Materials and methods

Cells and viruses

Madin–Darby canine kidney (MDCK) cell line (BCRC 60004), human embryonic kidney 293 cell line (HEK 293), and HEK 293T (HEK293 transformed with large T antigen) cell line were maintained in Eagle's minimum essential medium (EMEM; HyClone, Logan, UT, USA) and grown in Dulbecco's modified Eagle's medium (DMEM; GIBCO, Grand Island, NY, USA), respectively, supplemented with 1.0 mm sodium pyruvate, 1.5 g·L−1 sodium bicarbonate, 1 unit·mL−1 penicillin G sodium, 100 μg·mL−1 streptomycin sulfate, and 10% fetal bovine serum (GIBCO).
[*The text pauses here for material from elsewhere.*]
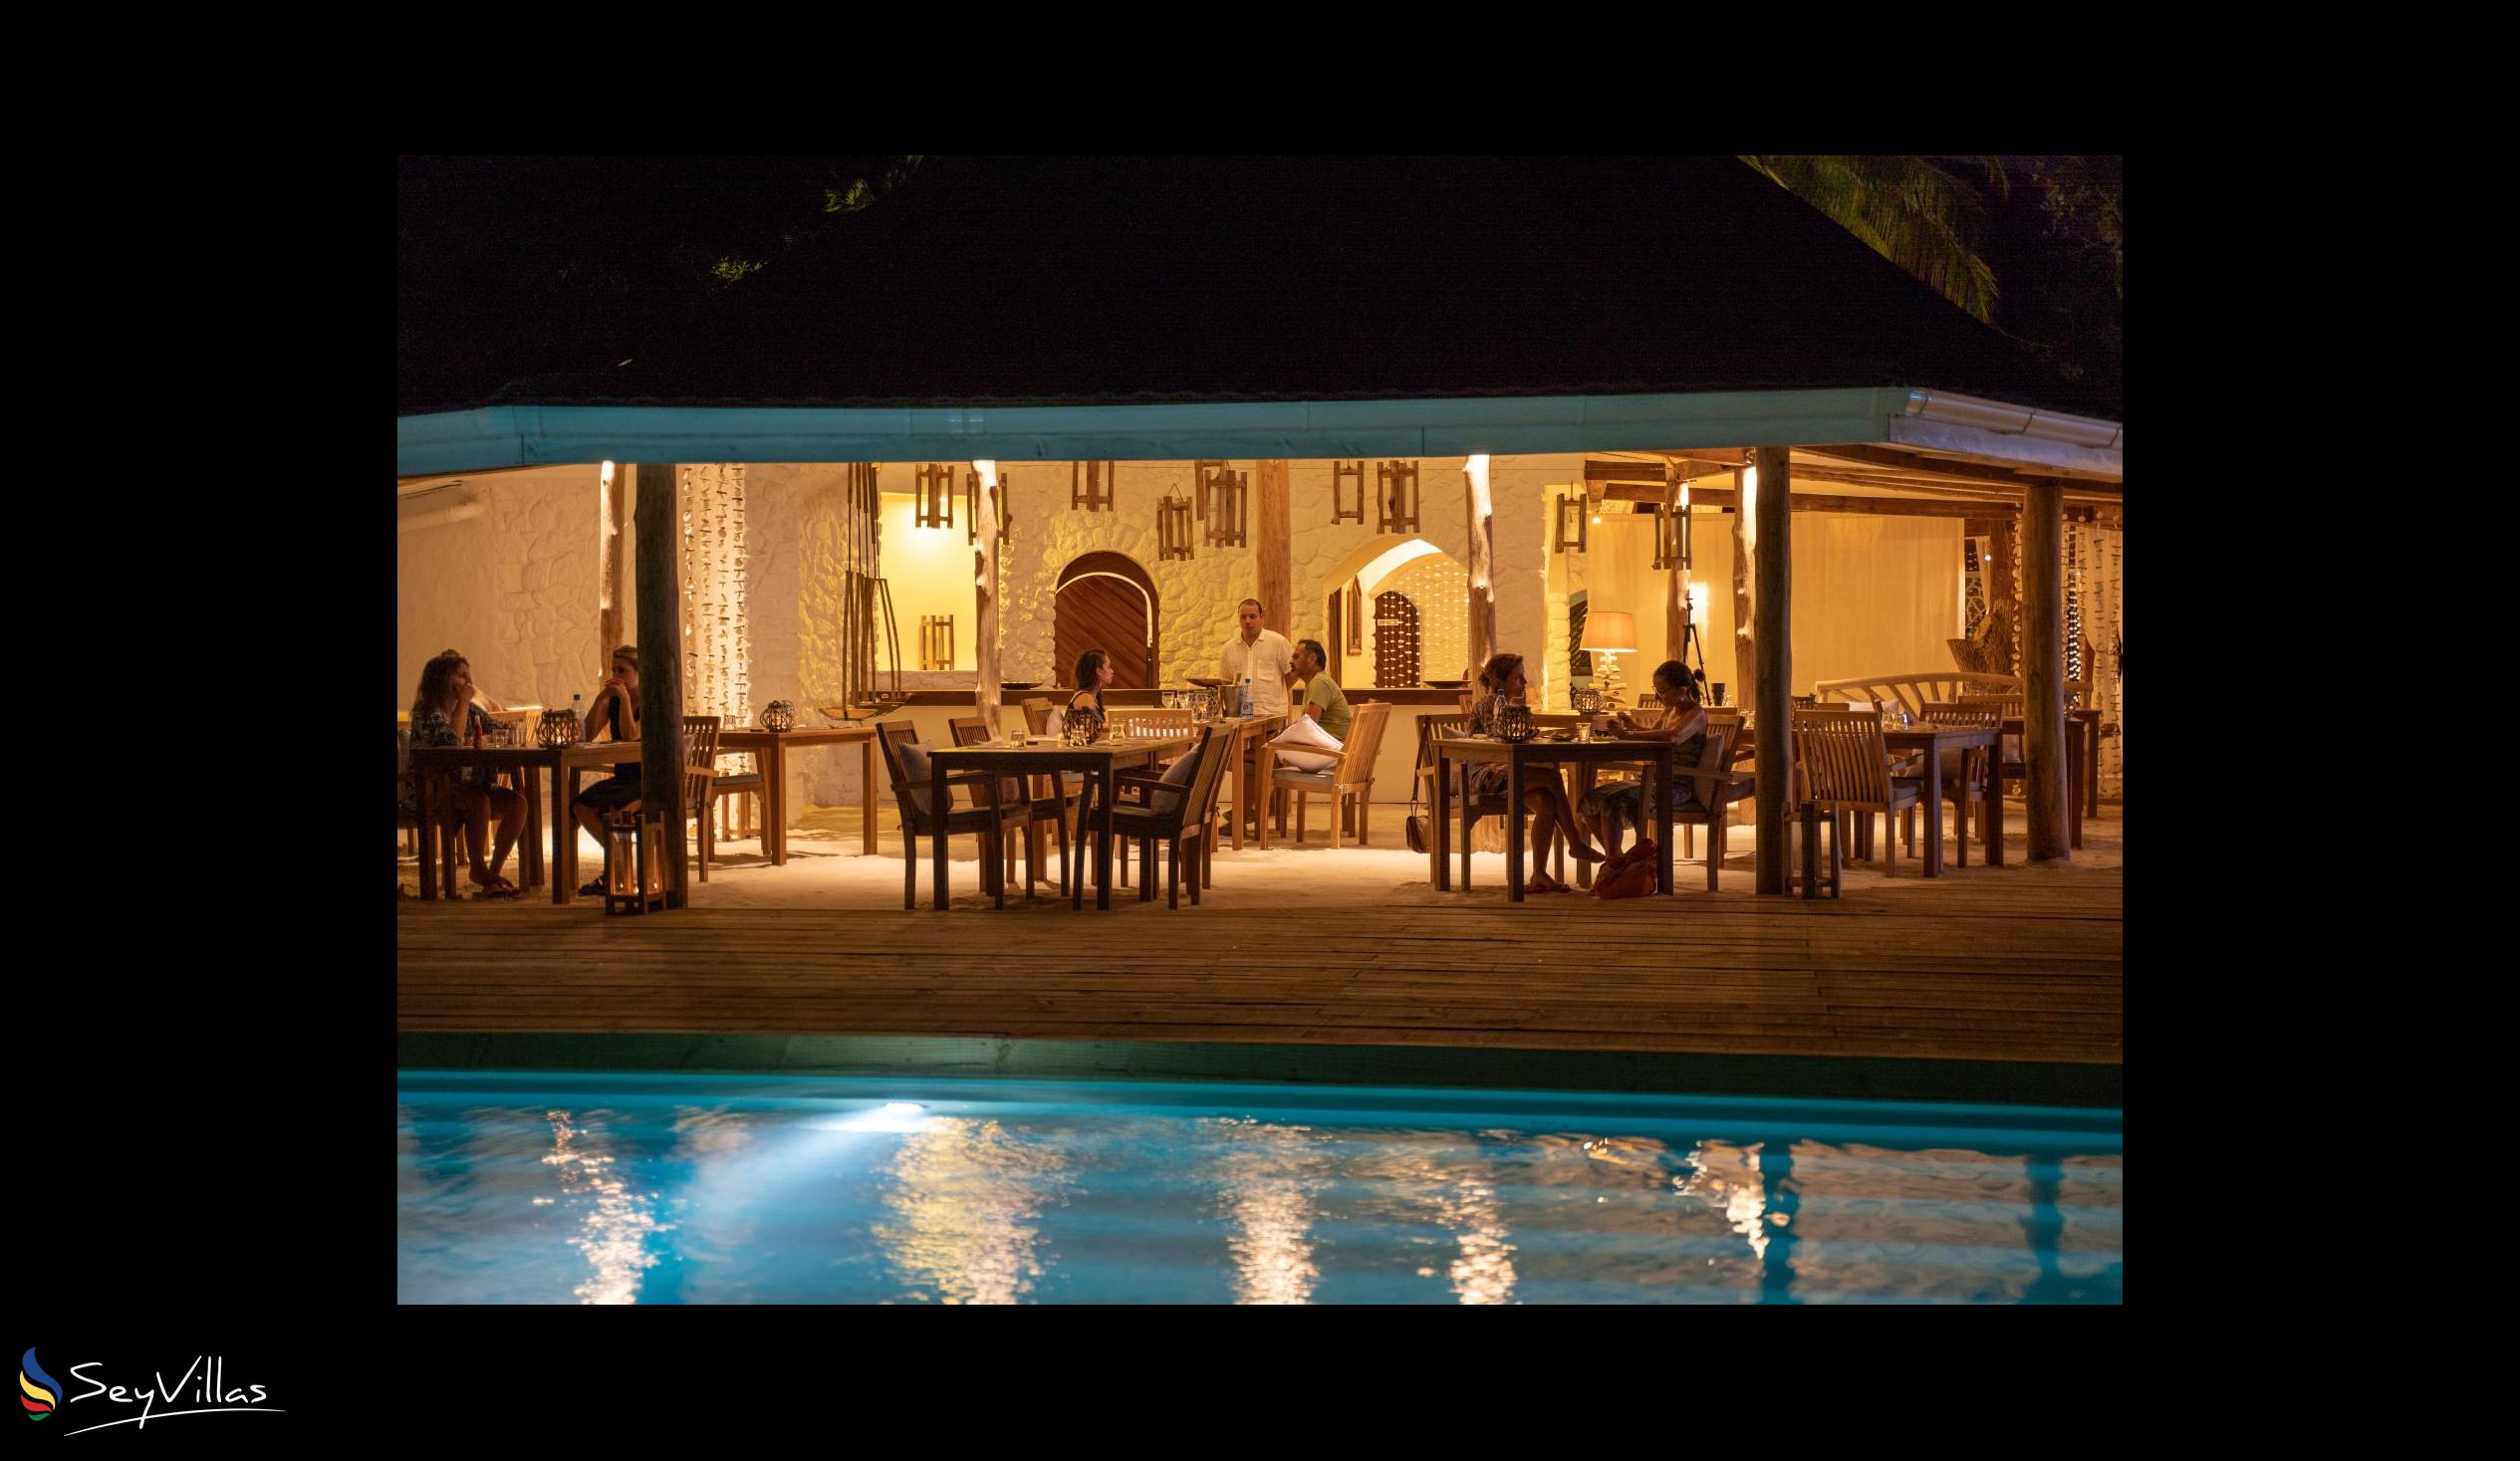 Photo 14: Bliss Hotel Praslin - Outdoor area - Praslin (Seychelles)

Human influenza virus A/Puerto Rico/8/34 H1N1 (PR8) used in this study was kindly provided by L. Tiley (Department of Veterinary Medicine, University of Cambridge, UK).

Plasmids and constructs

To generate plasmid expressing NS1 with S‐tag, the full‐length NS cDNA clone pRF486 was used as the template 38. The NS1 was amplified by PCR using the primer sets 5′‐GATGAAAGAAACCGCTGCTGCTAAATTCGAACGCCAGCACATGGACAGCATGGATCCAAACACTGTGTC‐3′ (sequences of S‐tag, underlined) and 5′‐GTCAAACTTCTGACCTAATTG‐3′. To construct the plasmid harboring the NS1 with insertion of tc‐tag at the linker region, two sets of primers were designed for PCR to generate the two halves of NS1 and overlapped each other on the inserting tc sequence: the 5′ half using forward primer FluNS1‐HindIII‐16–36‐F (5′‐GTGTCAAGCTTTCAGGTAGA‐3′) and reverse primer H1N1NS1‐218–237‐tc‐tag(−) (5′‐ACAGCAGCCCGGACAGCACATTTTAAGTGCCTCATCGG‐3′); the other half using forward primer H1N1NS1‐238–257‐tc‐tag(+) (5′‐TGCTGTCCGGGCTGCTGTACCATGGCCTCTGTACCTGC‐3′) and reverse primer FluNS1‐pRF486‐ApaI‐R (5′‐GACCAGAGGGCCCCGGGCGC‐3′). For both PCRs, plasmid pRF486 harboring full‐length NS gene was used as the DNA template 38. The PCR products were then used as new templates by base pairing each other after denaturation and annealing with the overlapped region at the tc‐tag sequence for the further PCR cycles with the primer set FluNS1‐HindIII‐16–36‐F and FluNS1‐pRF486‐ApaI‐R. The final products were cloned into pGEM‐T Easy vector (Promega, Madison, WI, USA) and sequenced to ensure plasmid pGEM‐NS1tc‐linker with the correct sequence for further study. The plasmid pGEM‐NS1tc‐linker was digested with the enzymes HindIII and ApaI (New England Biolabs, Beverly, MA, USA) and replaced the corresponding region of plasmid pRF486 with the same enzyme sites, resulting in the plasmid pRF486‐NS1tc‐linker. Another mutant pRF486‐NS1tc‐ED containing NS1 gene with tc‐tag at effector domain was constructed following the similar strategy. The two sets of primers were FluNS1‐HindIII‐16–36‐F/H1N1NS1‐347–369‐tc‐tag(−) (5′‐ACAGCAGCCCGGACAGCAGATCGCCTGGTCCATTCAGATAC‐3′) and H1N1NS1‐370–390‐tc‐tag(+) (5′‐TGCTGTCCGGGCTGCTGTATGGATAAGAACATCATACTG‐3′)/FluNS1‐pRF486‐ApaI‐R.

Transfection

Cells were grown on 13‐mm glass coverslips at 70–80% confluency in 12‐well plates. Transfection was performed with Lipofectamine 2000 according to the manufacturer's instruction (Invitrogen, Carlsbad, CA, USA). Briefly, plasmid (1.5 μg) was diluted in 50 μL serum‐free DMEM and was then mixed with 4 μL of Lipofectamine 2000 diluted in 50 μL serum‐free DMEM. After incubation at room temperature for 40 min, the DNA/liposome mixture was overlaid onto cell monolayers for 14 h, till further analysis.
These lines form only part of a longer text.